Андрей на фоне красного лоскута неба. Занялась заря. И деду Косте удивительные мысли приходят на ум: Кто-то легко и бодро сошел на высокую блестящую деревенскую дорогу, и огромный венец зари над Его головой горит благословением Ему. Дед Костя не выдерживает, он шепчет горячо и убежденно: "Вернется он, как пить дать, вернется. Никак он не может не вернуться… "Старики и Светланка останавливаются, они ждут: вот сейчас он оглянется – все оглядываются с этого холма, когда надолго покидают дом. Он оглядывается. В его взгляде нет уже беспокойного огонька, но нет и спокойствия – взгляд сосредоточен и беспощаден, он говорит: "Эти дома, это село, с подпирающей его водой, Светка, батя, деда Костя – все это было. Было все это"…
Он стоит спиной к заре, заря обнимает его красными крыльями. Он машет рукой, и Светланка и старики машут ему. Он и они вглядываются, далекие, друг в друга. И все, и нет его больше. Только чуть слышно шелестят травы; блестя вчерашней влагой, отряхивают дождевую дрему сосны…
Андрей подходит к Порогу, садится у реки – былиной дышат мутные и мрачные ее воды. Утонуть в них легко – тем более если разок тебя ударит затылком или виском о камень. Выплыть невозможно, выплывали очень редкие. Счастливцы…

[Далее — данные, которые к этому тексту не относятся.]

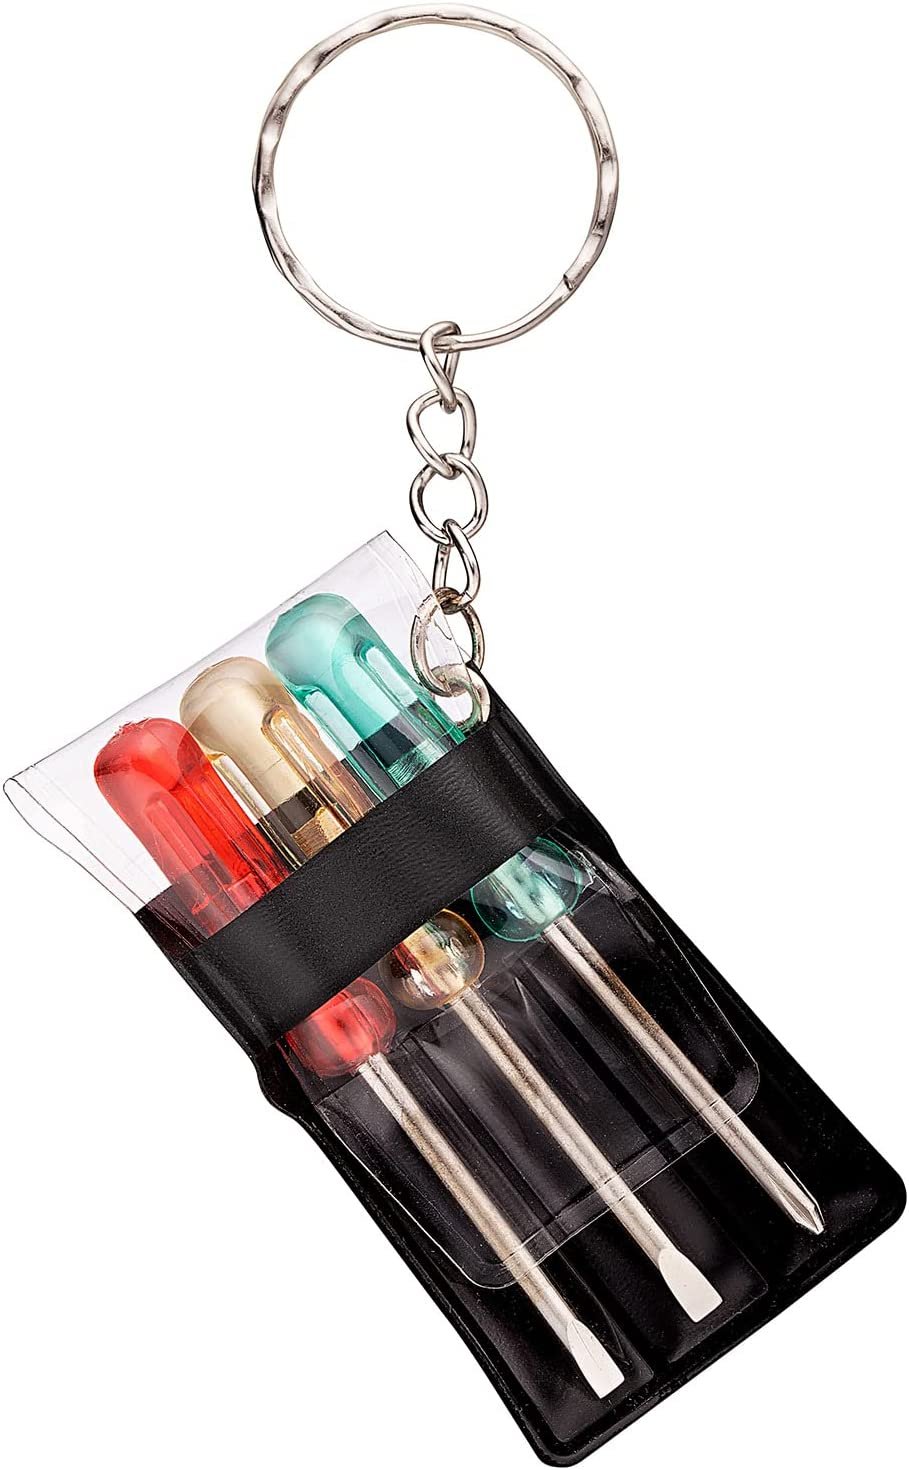 Mini Screwdriver Set with Keychain - Set of 12 - Each Set Includes 3 Screw Drivers in a Portable Pouch - Cool Party Favor - Goodie Bag Filler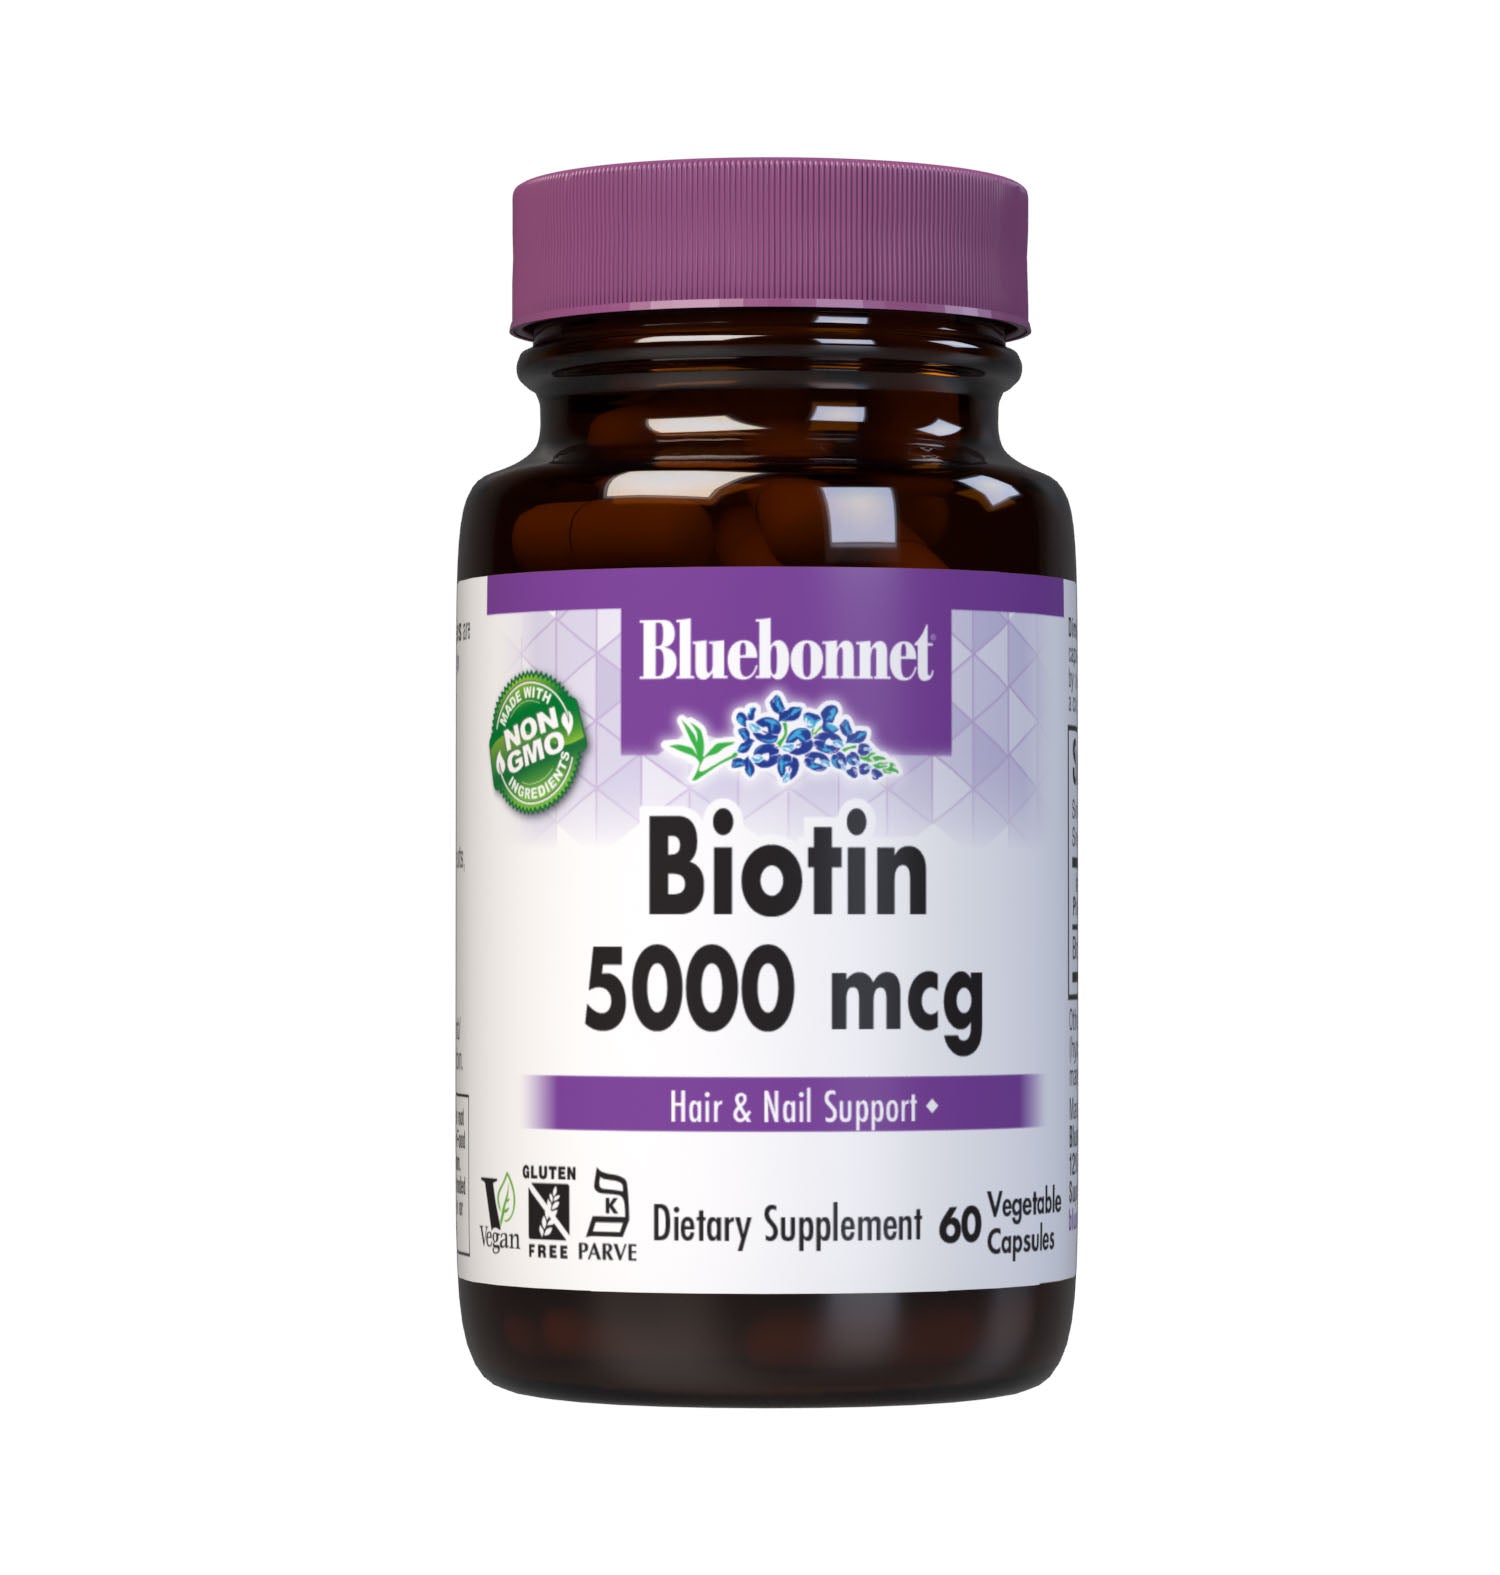 Bluebonnet’s Biotin 5000 mcg Capsules are formulated with yeast-free biotin in its crystalline form to support healthy hair and strong, durable nails. #size_60 count

Мысли у Андрея идут вразброс, он не может собрать их воедино, но не может даже ухватить начало какой-нибудь мысли, хотя мозг его напряжен до предела, мозг горит.
"Порог, Порог, Порог, – шепчут губы Андрея, – Порог, Порог…". "… Петька. Наконец-то", – Андрей счастливо улыбается. Да, память о брате – радость. На фронте брат, его большой умный брат. Его оставляли на восточной границе, но он выпросился туда. И скоро замолчал. Но он жив, он такой добрый был, добрый не может умереть".
"И я, – думает обновленно Андрей, – я тоже не останусь на восточной. Там, где брат, там, где брат…"
… А если нет его – брата?…
Снова в припляс пошли слова: "Нет брата, нет брата, нет брата… Да, но ведь я-то, есть я, я – вот он…"
Он стоял в холодном сыром здании районного военного комиссариата сухой, подтянутый и решительный, мысли его были собраны в кулак. Он сжимал мягкие юношеские кулаки, боясь выпустить этот редкий, радостный момент ясности и сосредоточения сил – если он ослабит боль в пальцах.
* * *
Я упал головой вперед и как раз в те минуты, когда их фронт, после долгого затишья, был прорван, смят и раздавлен.
"Наконец-то, – подумал я, когда легко оторвал тело от земли и бросил его вперед. – Наконец-то!"
Но это были, точнее, было мое последнее слово в бою.
Я тоже упал головой вперед, но был подхвачен руками солдат.
Жить было нужно, слишком многое, а для двадцать лет многое это все, в жизни еще не было сделано.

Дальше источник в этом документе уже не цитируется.